Volatility Ahead: Biden’s Surprising Decision Shakes Up the Market

The stock market is set to react tomorrow following the news that President Joe Biden has decided not to seek reelection, a development likely to create significant volatility.

This announcement brings forth economic uncertainty as Democrats work quickly to rally support around a new candidate. Biden has endorsed Vice President Kamala Harris as his preferred nominee.

Josh Thompson, CEO of Impact Health USA, commented on the anticipated market response, stating, “If President Biden were to announce his withdrawal from the reelection race, the immediate market reaction would likely be one of volatility and uncertainty. Investors generally prefer stability and predictability, and such a significant political shift would disrupt both.”

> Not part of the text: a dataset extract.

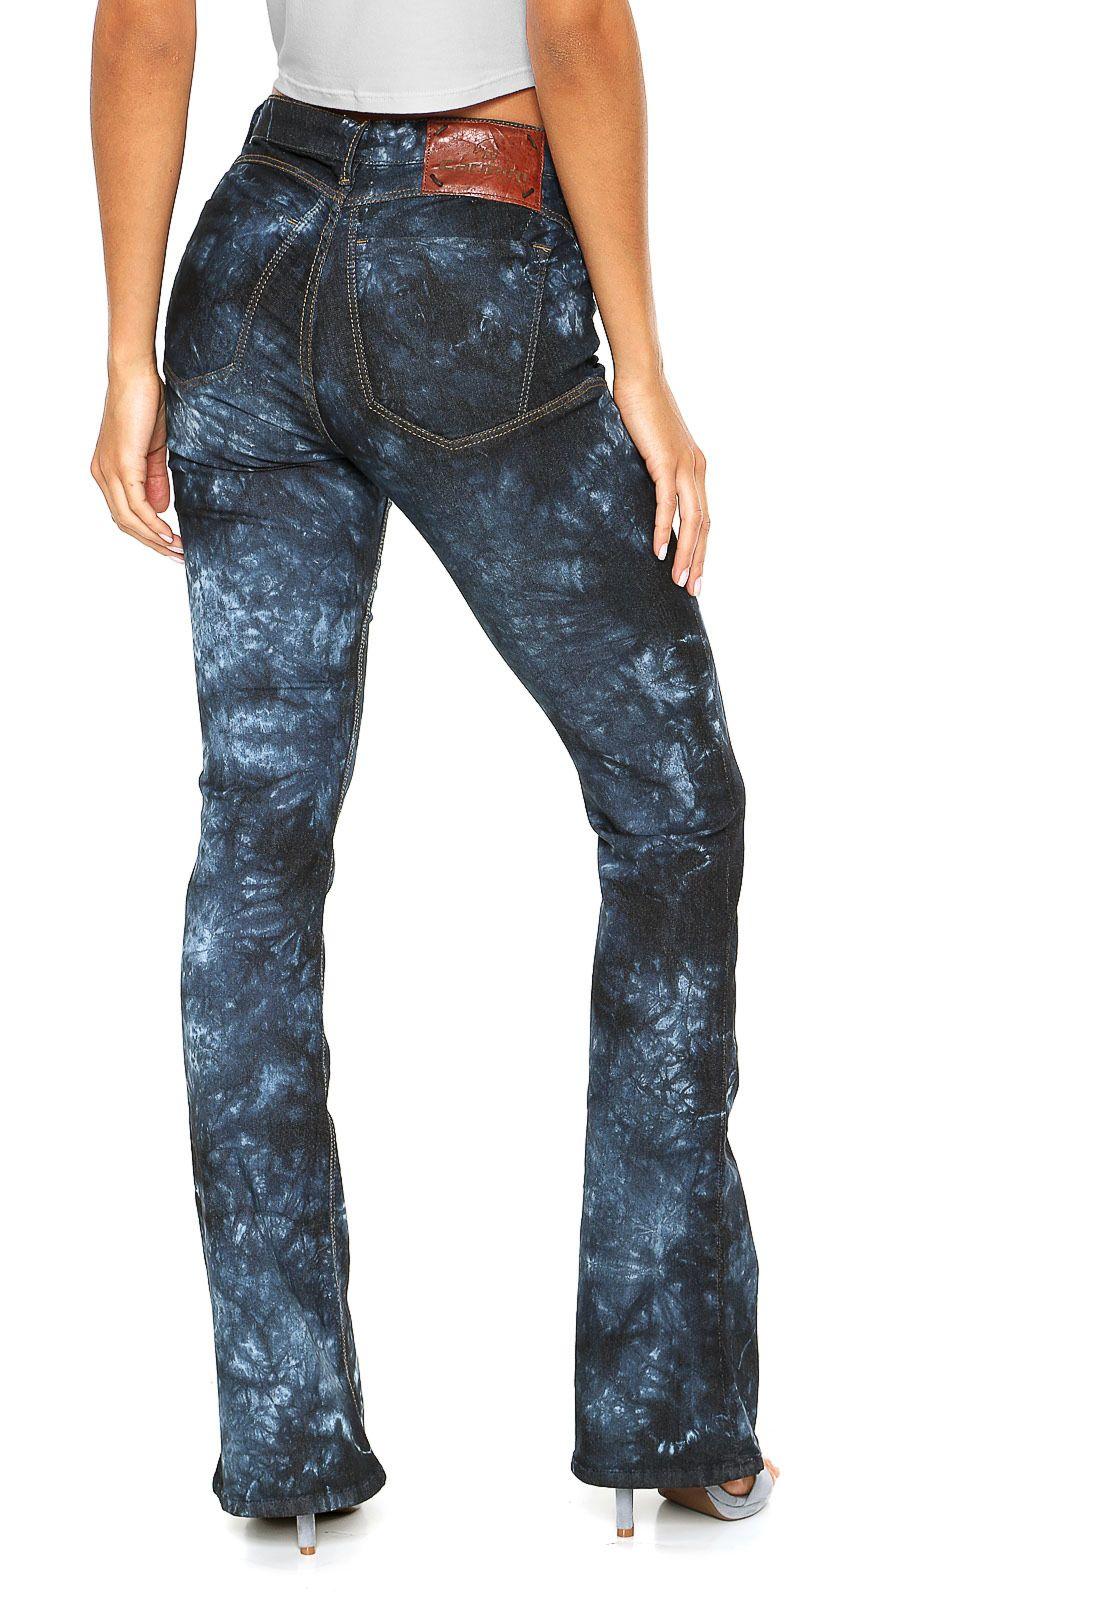 d26f8739c4 Calça Jeans Carmim Bootcut Paola Azul - Marca Carmim

In light of this uncertainty, investors may turn to safe-haven assets such as gold, silver, and the Swiss franc, which are typically less affected by political and economic instability.

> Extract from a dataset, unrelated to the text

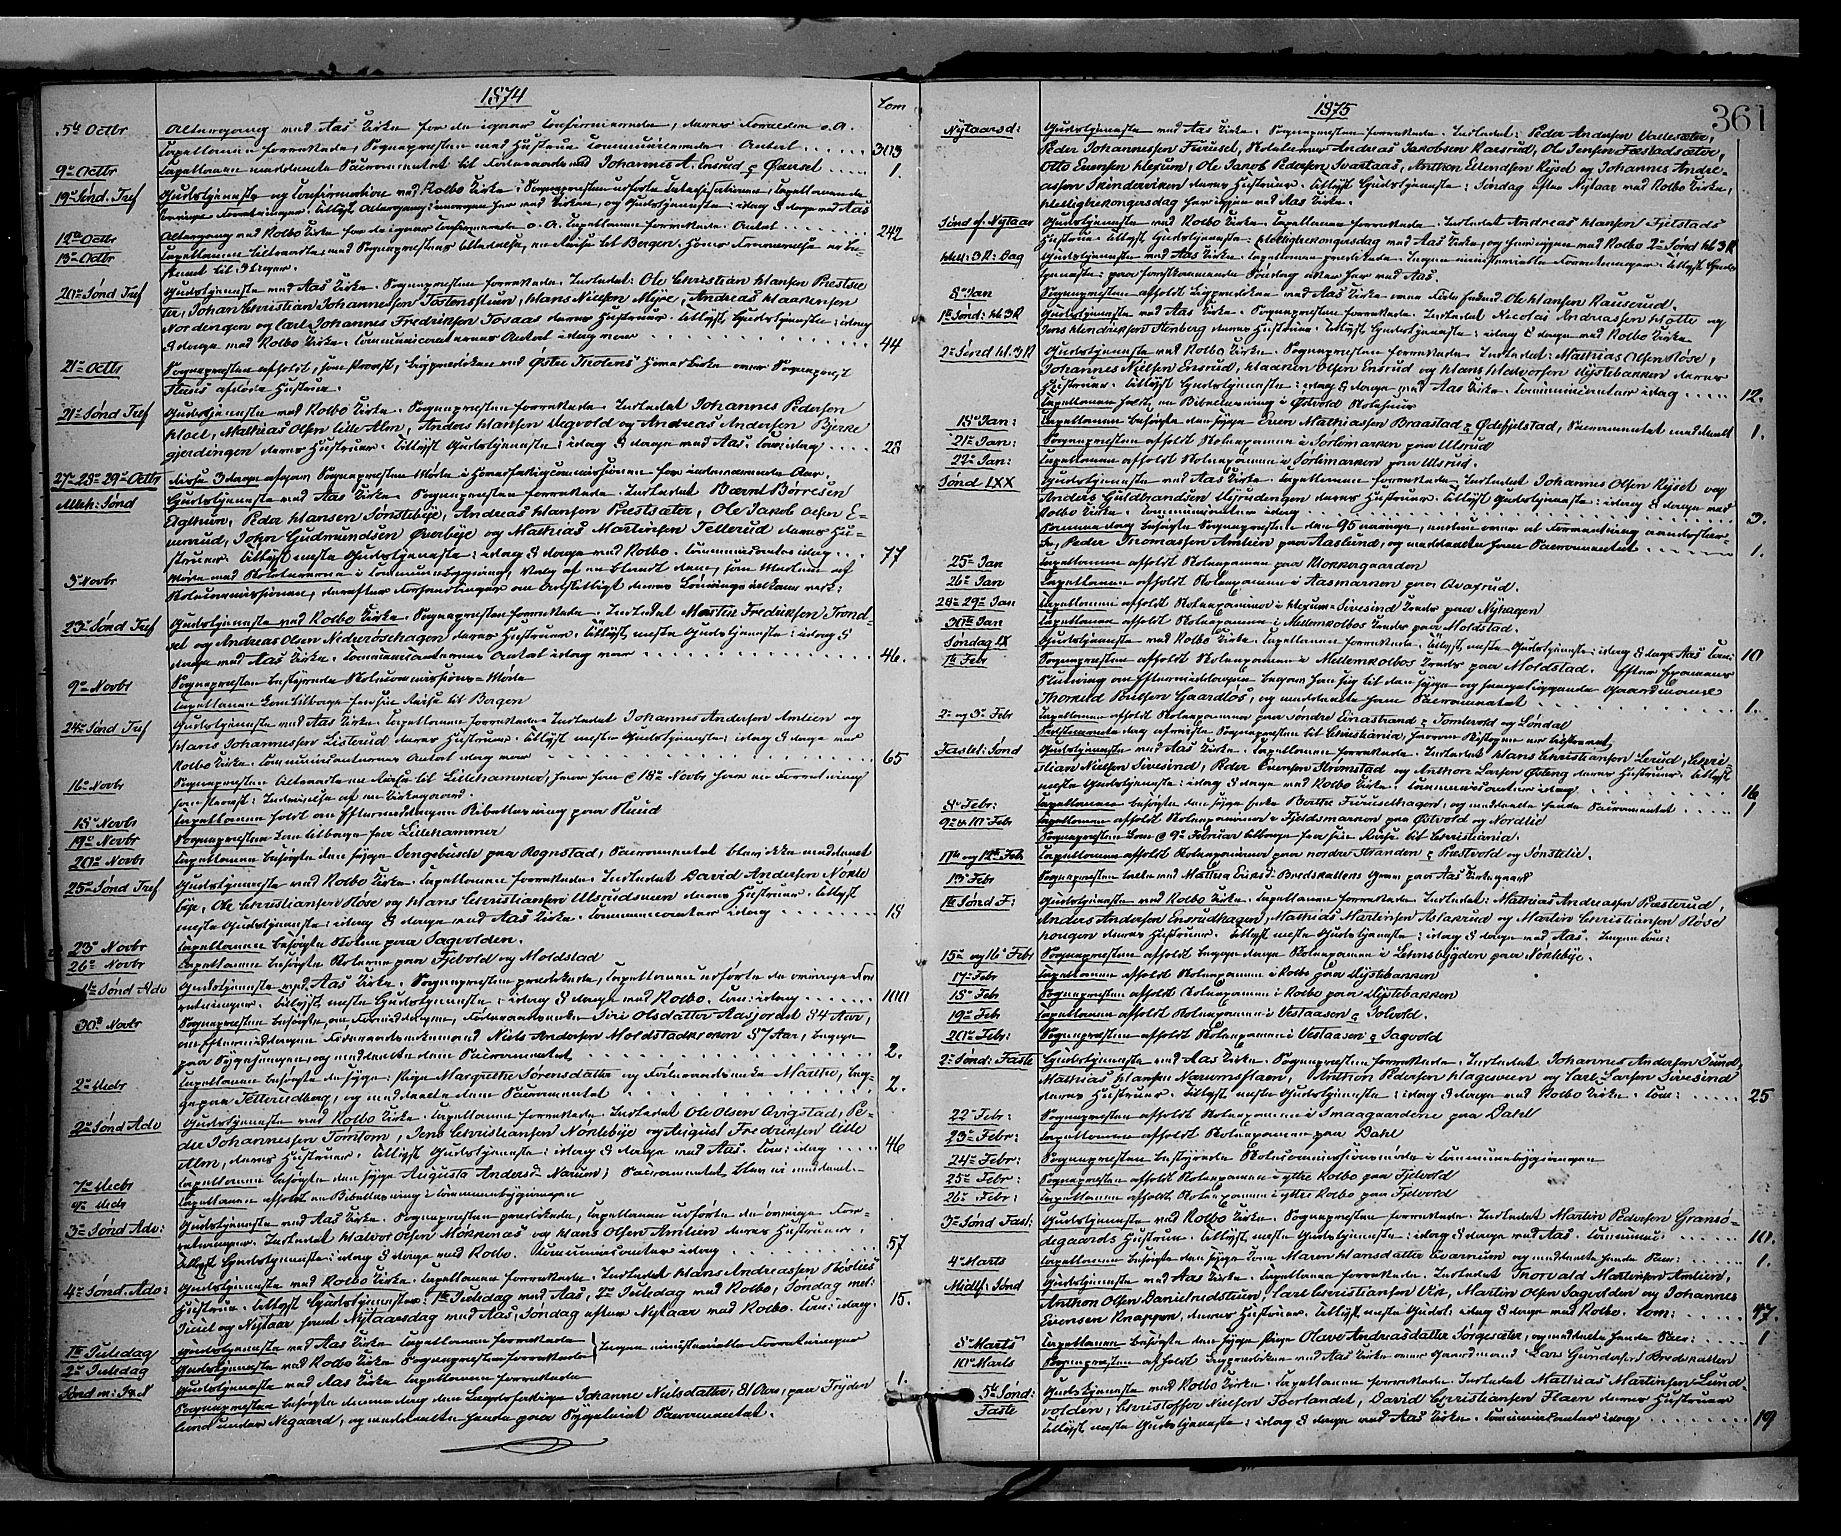 SAH, Vestre Toten prestekontor, Ministerialbok nr. 8, 1870-1877, s. 361

Additionally, there is potential for a slowdown in what is known as the “Trump Trade,” which has gained momentum since former President Donald Trump outperformed Biden in a recent debate and survived an assassination attempt. The “Trump Trade” reflects investors’ reactions to the prospect of another Trump administration, a scenario that is seen as favorable for certain sectors such as healthcare, banking, cryptocurrency, oil stocks, and companies like Tesla and Trump Media and Technology Group.

Raymond James Washington policy analyst Ed Mills highlighted that, “Should Biden leave the race, we would not immediately change our electoral odds (60% Trump vs. 40% Biden/Dem). We could see a stalling out of the recent ‘Trump trade’ as the market reassesses the race, but we do not see a broader market reaction.”